*Problem details*
Print, exactly as they stand, the lines below from the one that has "how to use social" to the one that has "Diversity and Structure", inclusive, leaving out the pictures.

+++ Data for review +++

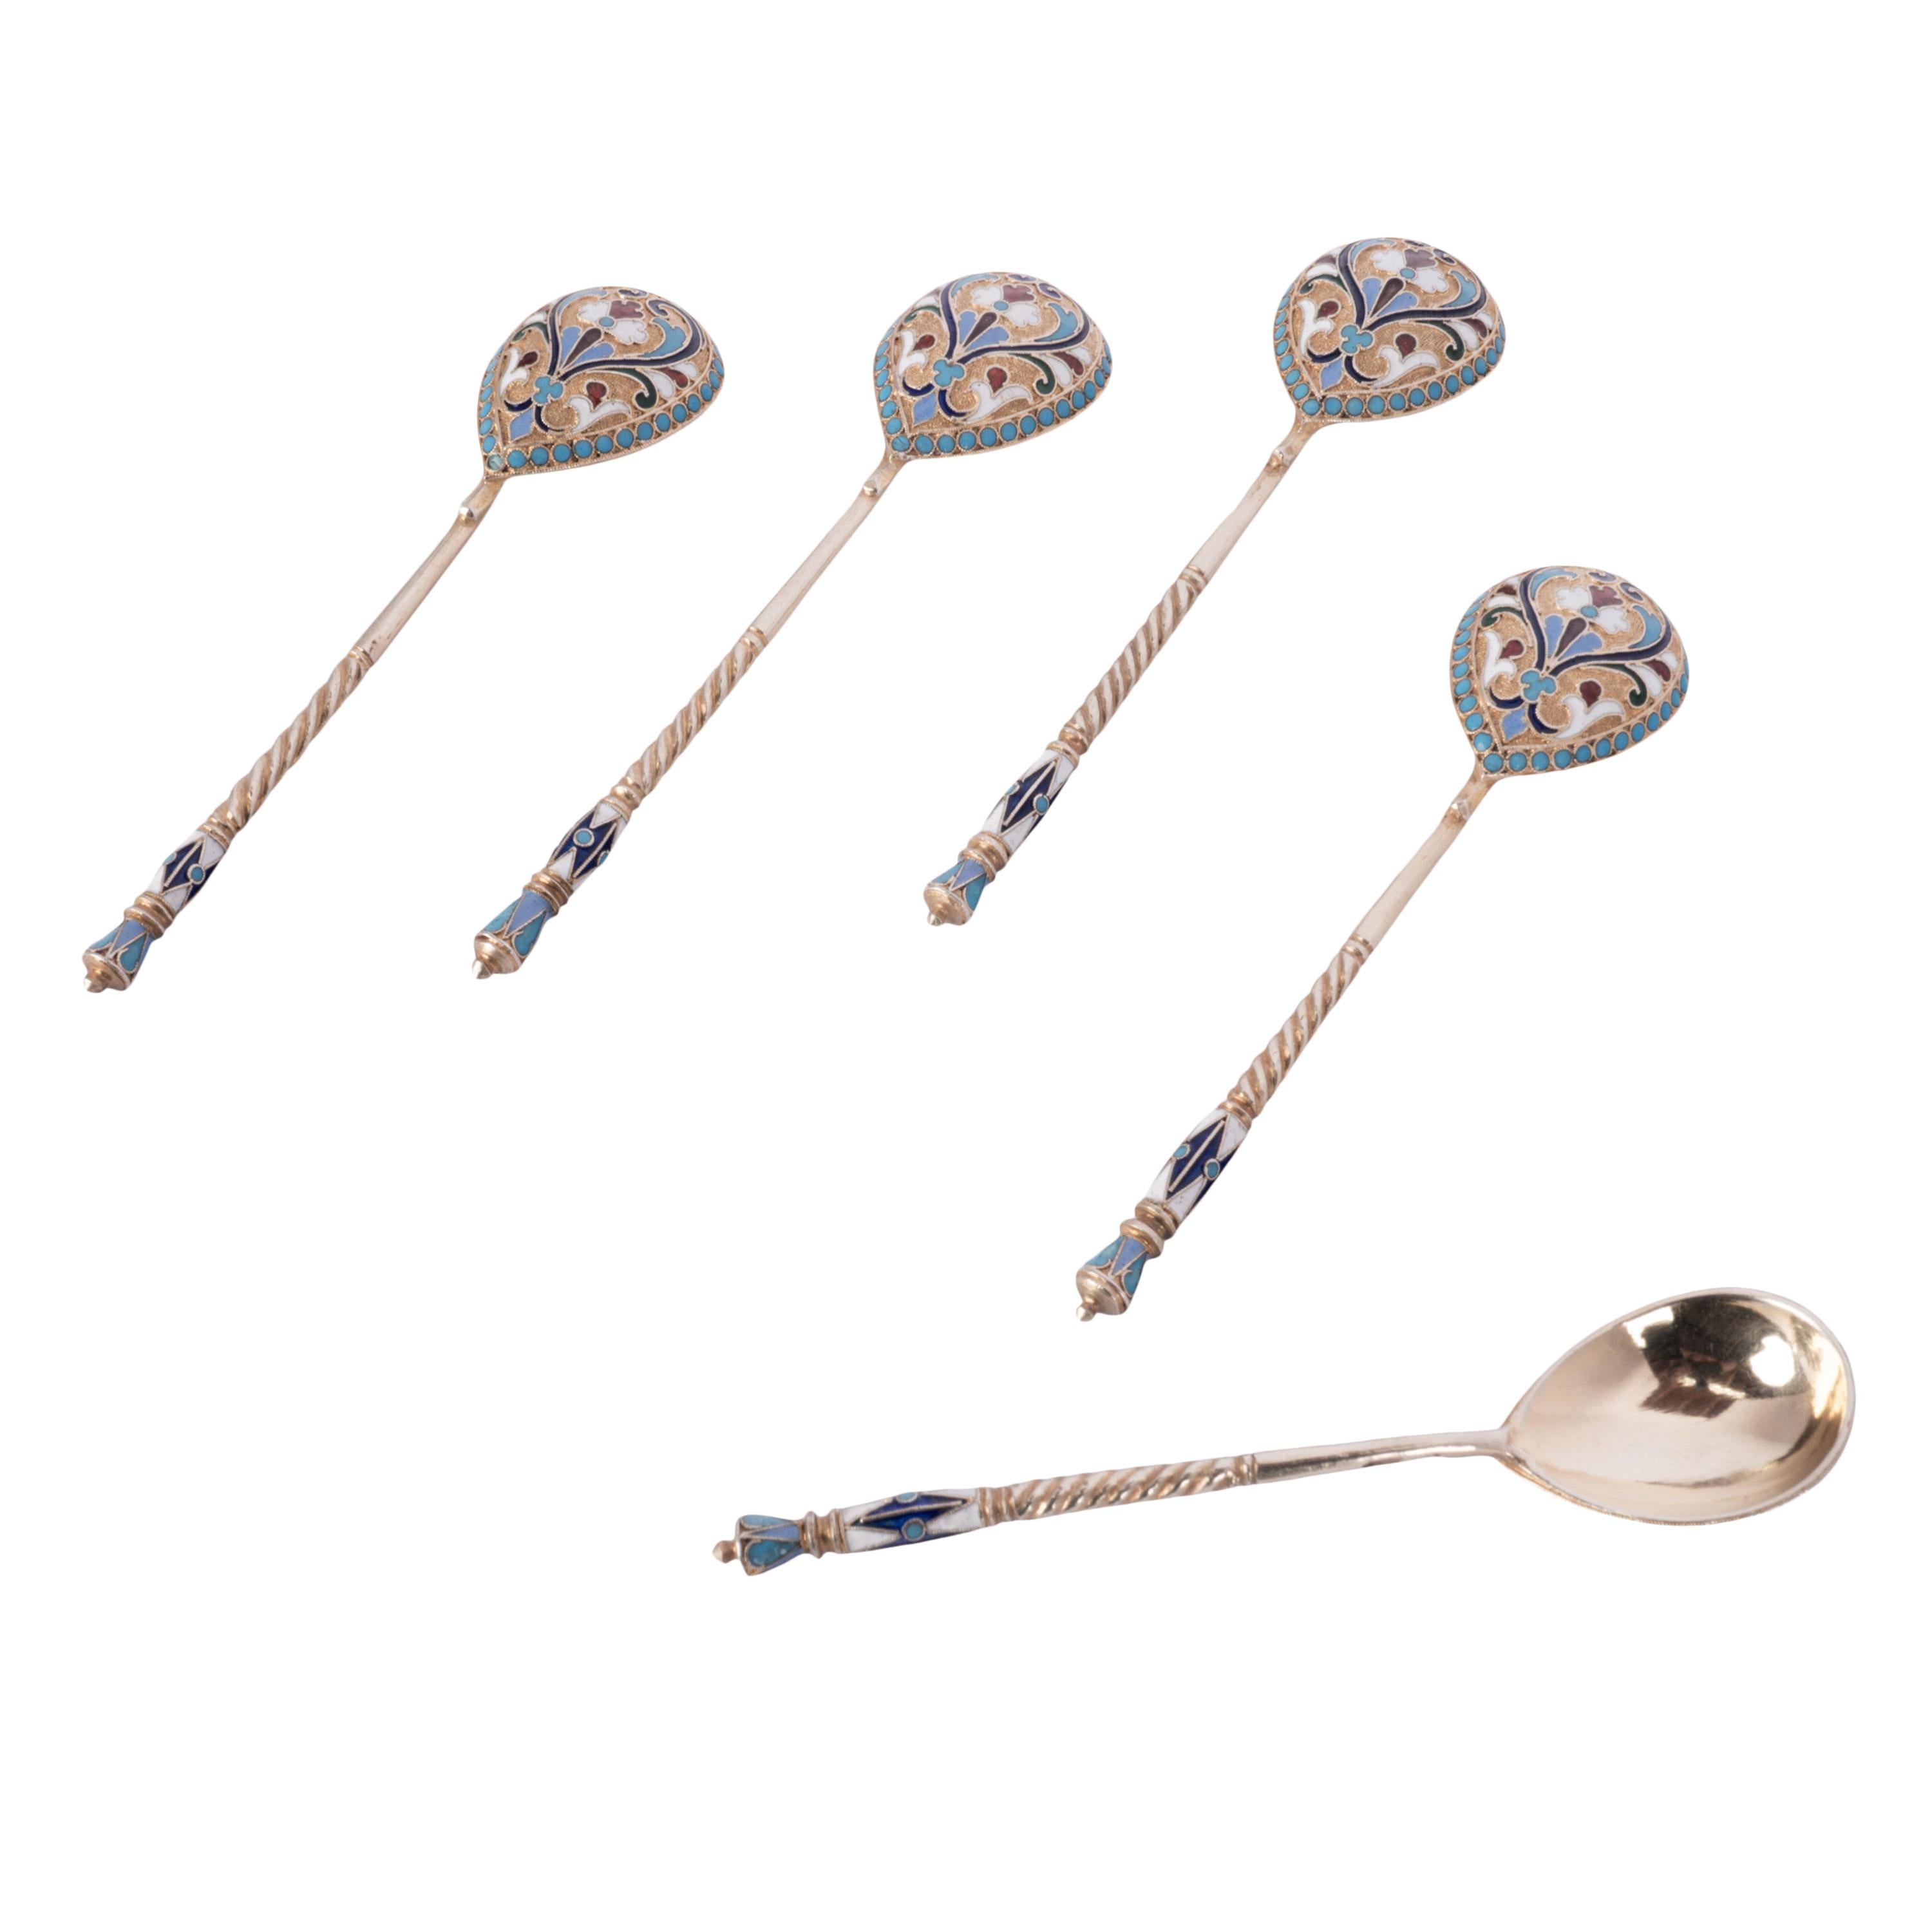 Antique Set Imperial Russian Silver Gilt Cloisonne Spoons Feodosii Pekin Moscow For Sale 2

+++
+++ Data for review +++

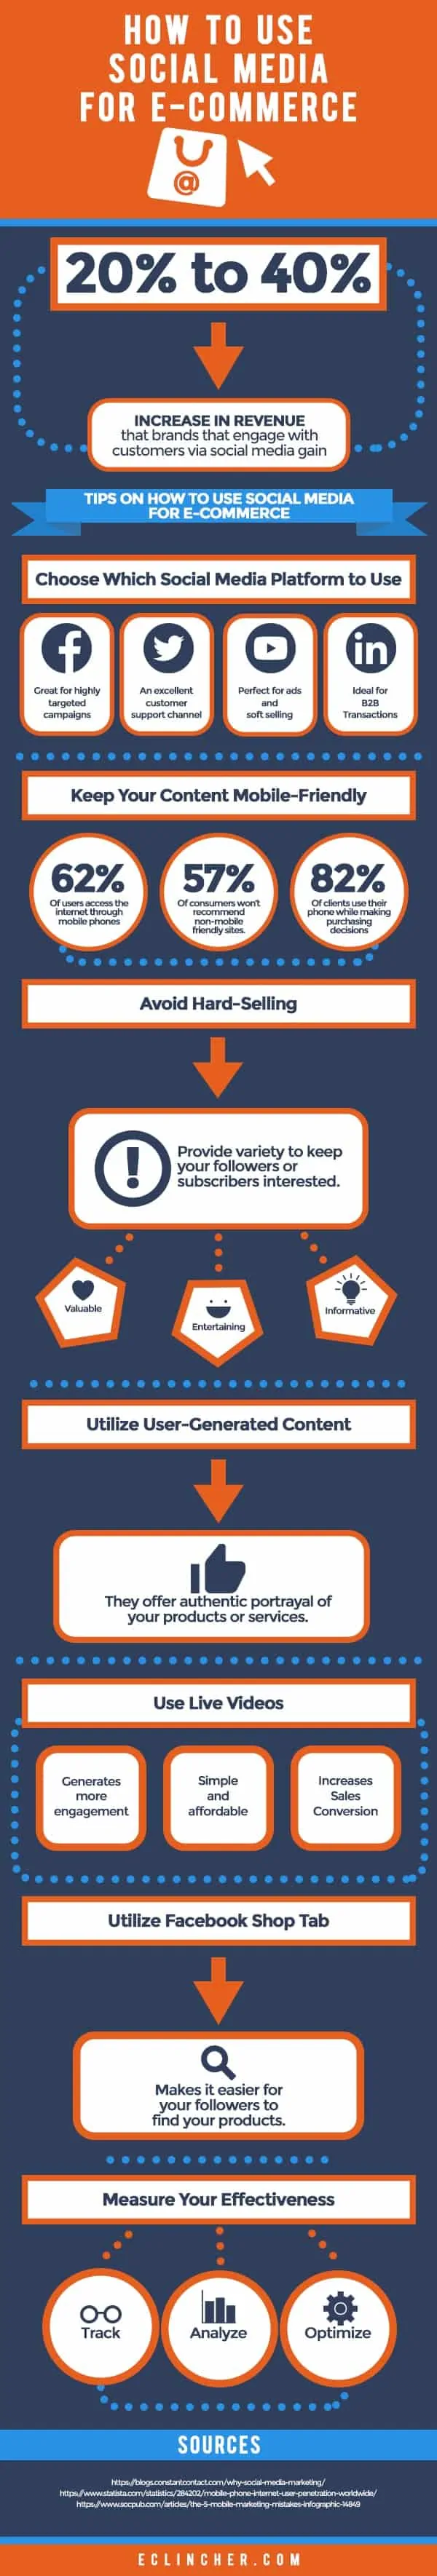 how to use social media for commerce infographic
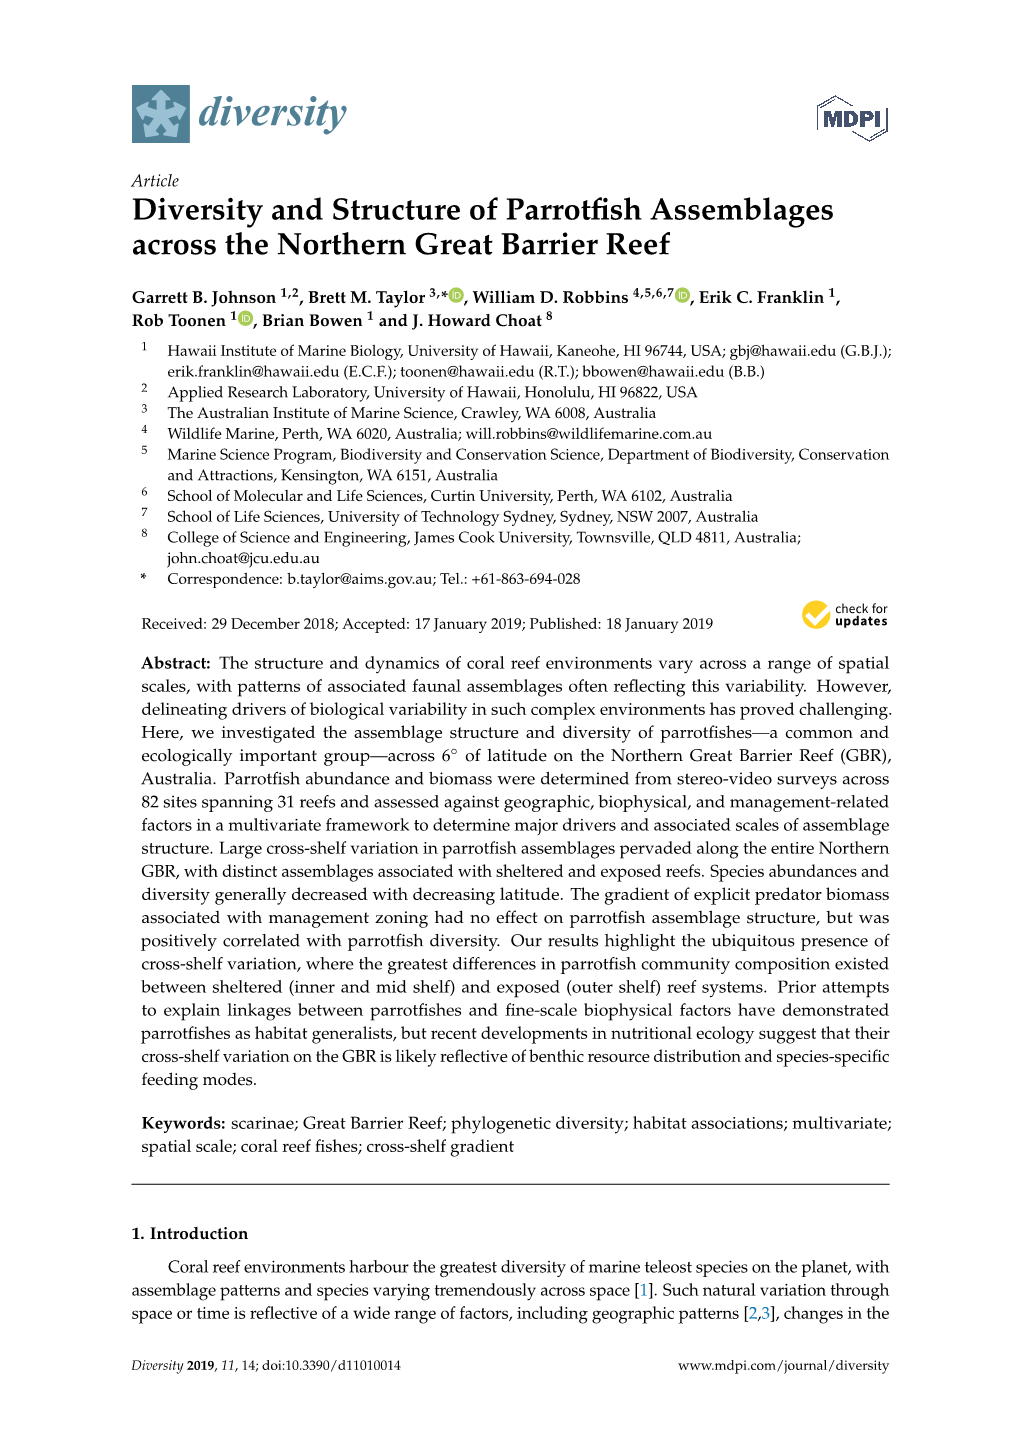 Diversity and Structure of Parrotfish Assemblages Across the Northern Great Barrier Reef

+++
+++ Data for review +++

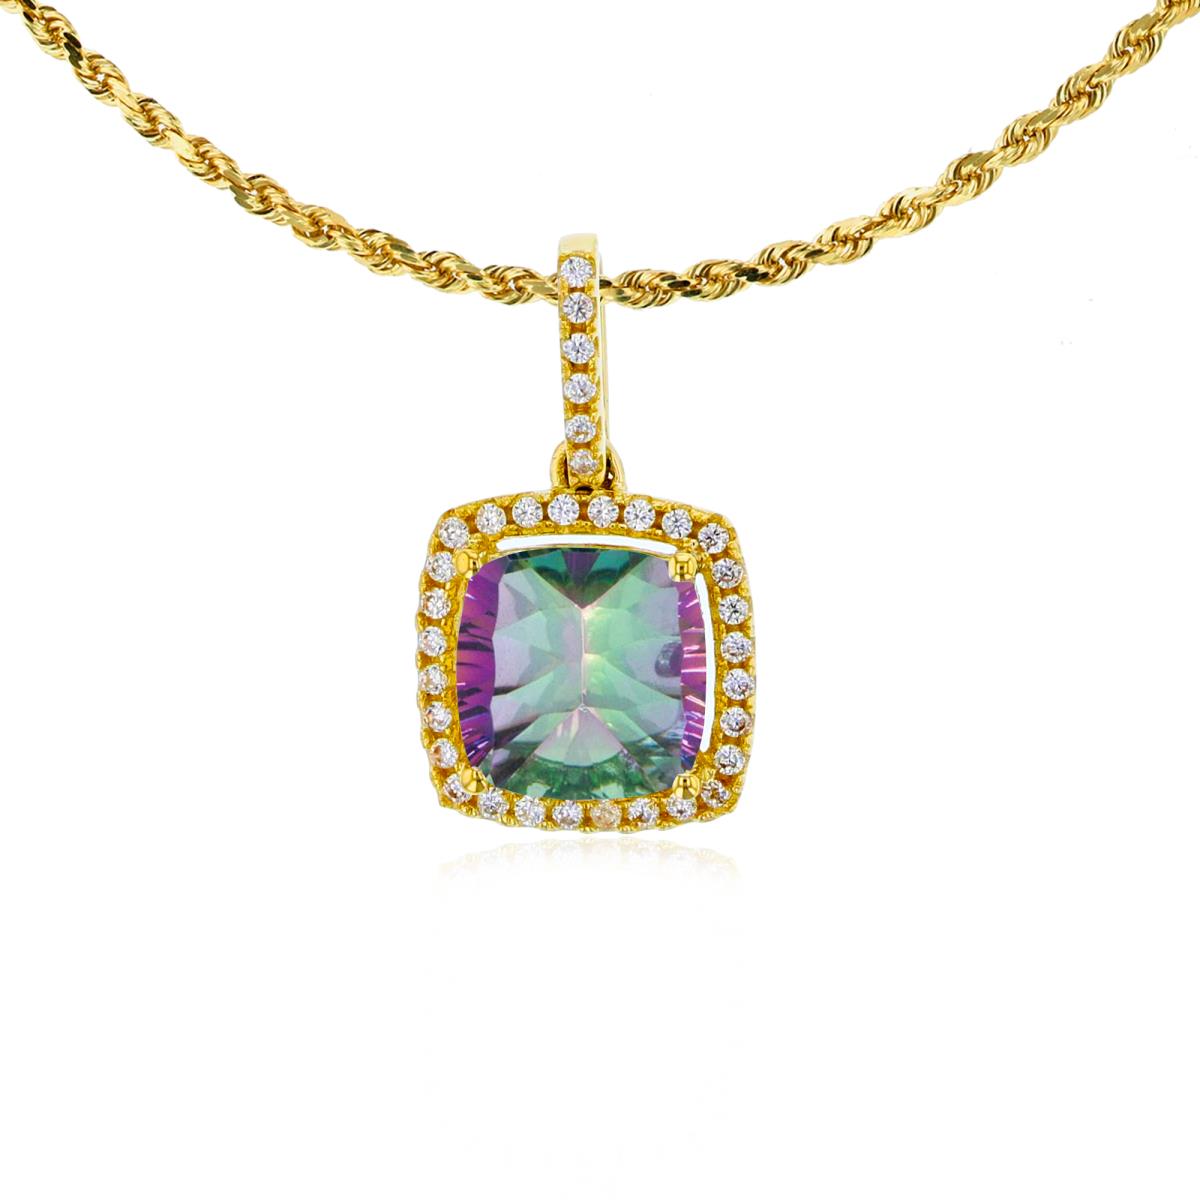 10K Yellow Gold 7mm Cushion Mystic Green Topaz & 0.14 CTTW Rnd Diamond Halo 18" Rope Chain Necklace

+++

*Answer*
 how to use social media for commerce infographic
 Diversity and Structure of Parrotfish Assemblages Across the Northern Great Barrier Reef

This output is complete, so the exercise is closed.